AnalystConsensusTarget Fair Value

Catalysts

About DO & CO

DO & CO is a premium hospitality and catering group focused on airline catering, international event catering and high end restaurants, lounges and boutique hotels.

What are the underlying business or industry changes driving this perspective?

  • Scaling with premium focused global airlines such as Turkish Airlines, Delta and leading Asian carriers is set to lift high margin airline catering volumes as long haul traffic and demand for differentiated in flight service grow, supporting revenue and EBIT expansion.
  • Structural growth in global sports and entertainment, particularly Formula 1 and large arena events, is driving higher guest numbers per venue and more race weekends, which should enhance operating leverage in Event Catering and raise divisional EBIT margins.
  • Ongoing international air travel recovery, coupled with DO & CO's strong win rate in tenders at hubs like Istanbul, Heathrow and Madrid, positions the company to add new contracts on top of stable base demand, accelerating top line growth and free cash flow.
  • Investment in the new Istanbul mega kitchen and the DO & CO academy to train 2,000 additional staff is building a scalable, standardized platform that can support several hundred million euros of extra sales with attractive incremental margins and earnings growth.
  • Rapid margin improvement in Restaurants, Lounges and Hotels, together with rising brand awareness from award winning boutique hotels and flagship outlets, is increasing the share of resilient B2C revenue and should lift group EBITDA margin and net income over time.
WBAG:DOC Earnings & Revenue Growth as at Dec 2025
WBAG:DOC Earnings & Revenue Growth as at Dec 2025

Assumptions

How have these above catalysts been quantified?

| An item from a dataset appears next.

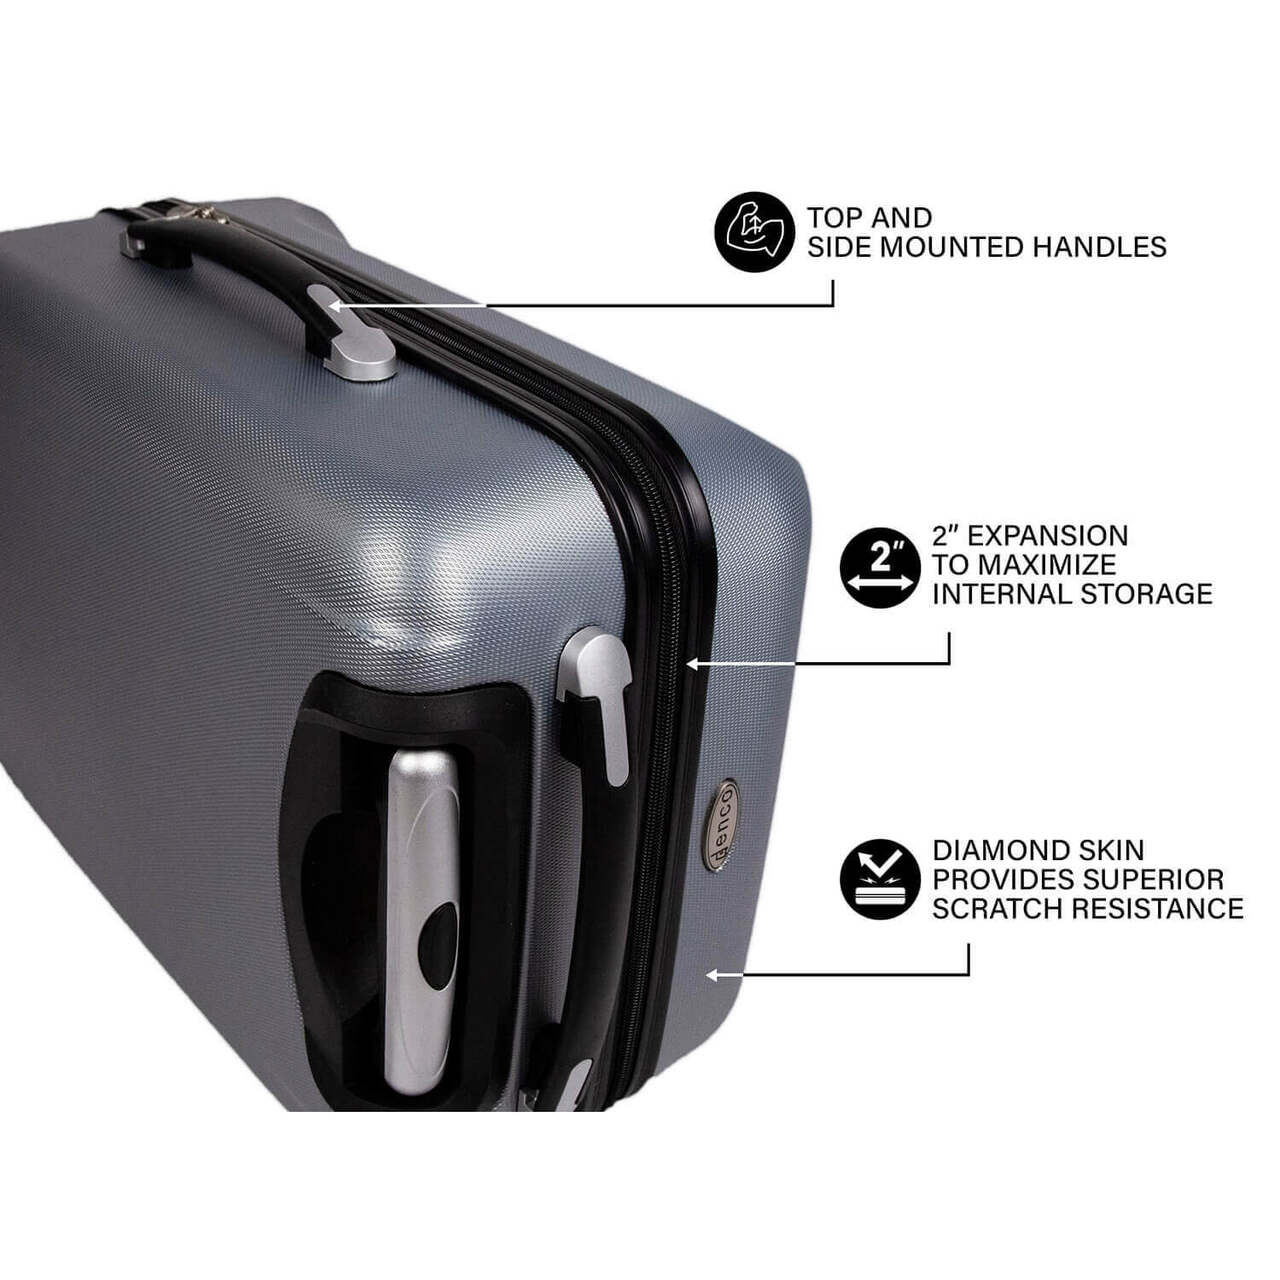 Orlando Magic 20" Hardcase Luggage Carry-on Spinner

  • Analysts are assuming DO & CO's revenue will grow by 8.1% annually over the next 3 years.
  • Analysts assume that profit margins will increase from 4.2% today to 5.6% in 3 years time.
  • Analysts expect earnings to reach €171.4 million (and earnings per share of €15.03) by about December 2028, up from €101.7 million today. However, there is a considerable amount of disagreement amongst the analysts with the most bullish expecting €258.5 million in earnings, and the most bearish expecting €153.9 million.
  • In order for the above numbers to justify the price target of the analysts, the company would need to trade at a PE ratio of 17.8x on those 2028 earnings, down from 20.6x today. This future PE is lower than the current PE for the GB Commercial Services industry at 20.6x.
  • Analysts expect the number of shares outstanding to remain consistent over the next 3 years.
  • To value all of this in today's terms, we will use a discount rate of 5.92%, as per the Simply Wall St company report.
WBAG:DOC Future EPS Growth as at Dec 2025
WBAG:DOC Future EPS Growth as at Dec 2025

Risks

What could happen that would invalidate this narrative?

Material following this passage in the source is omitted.